Not the Hype. The Reality.
Every construction technology conference features keynotes about AI transforming the industry. Most of that content describes what AI might do someday. This article focuses on what AI is actually doing today on real construction projects, with real results that justify continued investment.
The gap between AI potential and AI deployment in construction is wider than most vendors want to acknowledge. But within that gap, there are genuine production applications delivering measurable value.
Safety Monitoring and Hazard Detection
Computer vision systems that analyze jobsite camera feeds for safety hazards have reached production maturity. These systems identify missing PPE, unauthorized zone entries, and unsafe equipment operations in real time. The accuracy has improved to the point where false positive rates are low enough for site teams to trust the alerts.
The value proposition is clear.

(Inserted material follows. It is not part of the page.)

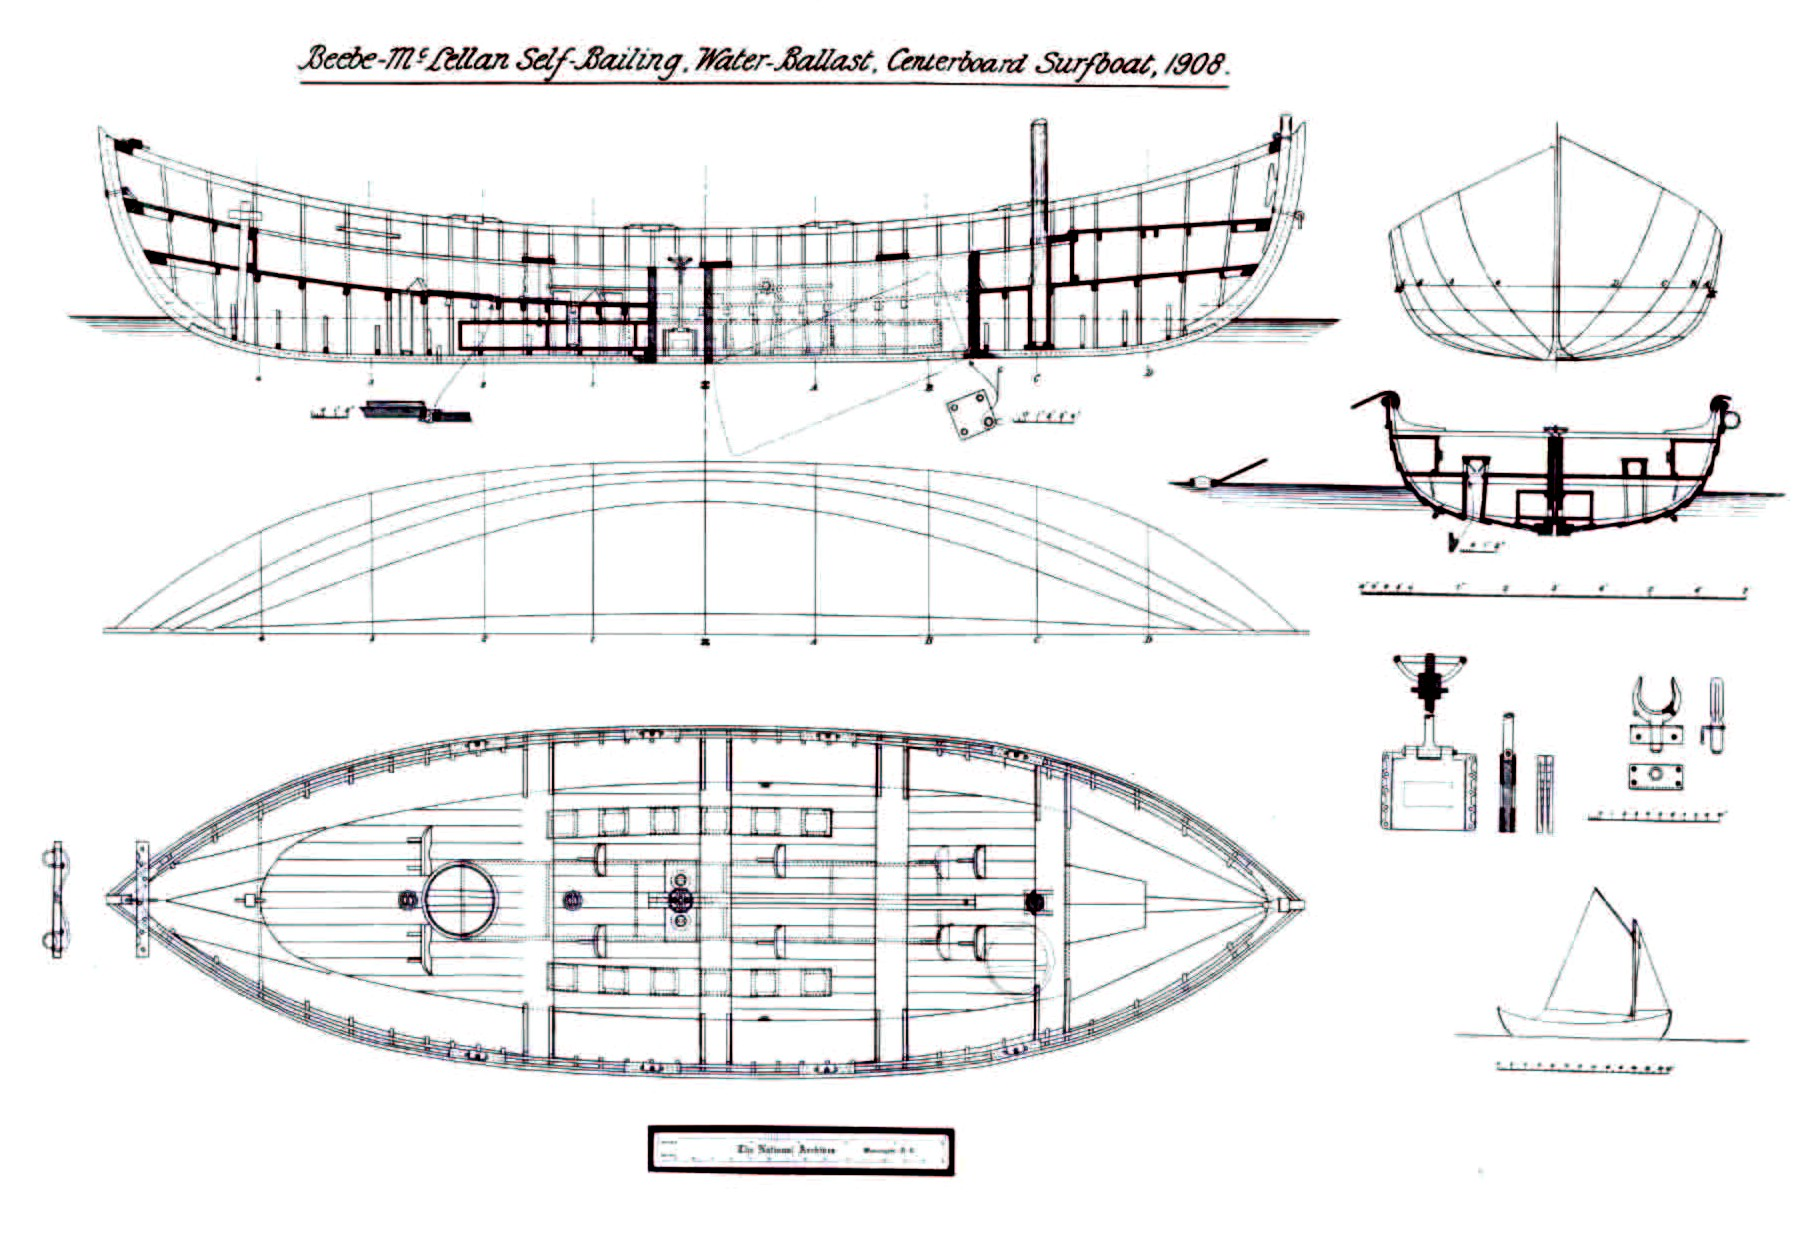 dorjun com rh dorjun com boat electrical schematics boat electrical schematics

A system that monitors every camera feed continuously catches hazards that periodic human observation misses. On large projects with dozens of cameras, AI monitoring provides coverage that would require a dedicated safety team watching screens around the clock.
Progress Monitoring from Reality Capture
AI-driven comparison between BIM models and reality capture data for automated progress tracking works on straightforward elements. Structural concrete placement, steel erection, and major MEP installation can be tracked automatically with reasonable accuracy by comparing point clouds or 360-degree photos against the planned model.
The limitation is nuance. AI can tell you that a wall exists where the model shows a wall. It has more difficulty determining whether that wall is complete, properly finished, and ready for the next trade. Fine-grained progress assessment still requires human judgment, but the coarse tracking that AI handles well saves significant manual documentation effort.
Schedule Risk Analysis
Machine learning models trained on historical project data can identify schedule risk patterns that human planners might miss. These tools analyze the relationships between weather patterns, resource availability, predecessor task performance, and schedule outcomes to flag activities with elevated delay risk.
The practical value is in focus rather than prediction. Knowing that a particular activity has a high probability of delay based on historical patterns helps project teams allocate management attention and contingency resources proactively rather than reactively.
Document Processing and Classification
Natural language processing for construction document management has matured significantly. Automated classification of submittals, RFIs, and correspondence reduces the administrative burden of document management. Extraction of key data from unstructured documents, like pulling specification requirements from PDF submittals, saves hours of manual review.
These are not glamorous applications, but they address real productivity drains. A project that processes hundreds of submittals benefits more from automated classification than from any advanced coordination tool.
Plan and Drawing Review
AI tools that compare drawing sets for conflicts, check code compliance, and identify coordination issues before modeling begins are showing strong results in early adoption. These tools work best as a first-pass filter that catches obvious issues, freeing human reviewers to focus on complex judgment calls.
The accuracy is not perfect, and the tools work better on standardized building types where training data is abundant. But even imperfect automated review that catches 60-70% of issues before human review begins creates meaningful time savings on document-intensive projects.
The Honest Assessment
AI in construction is real, but it is narrower than the marketing suggests. The tools that work solve specific, well-defined problems with sufficient data. The tools that struggle attempt broad, context-dependent reasoning that current AI technology cannot reliably deliver in construction environments. Invest in the proven narrow applications. Be skeptical of claims about general-purpose AI construction management.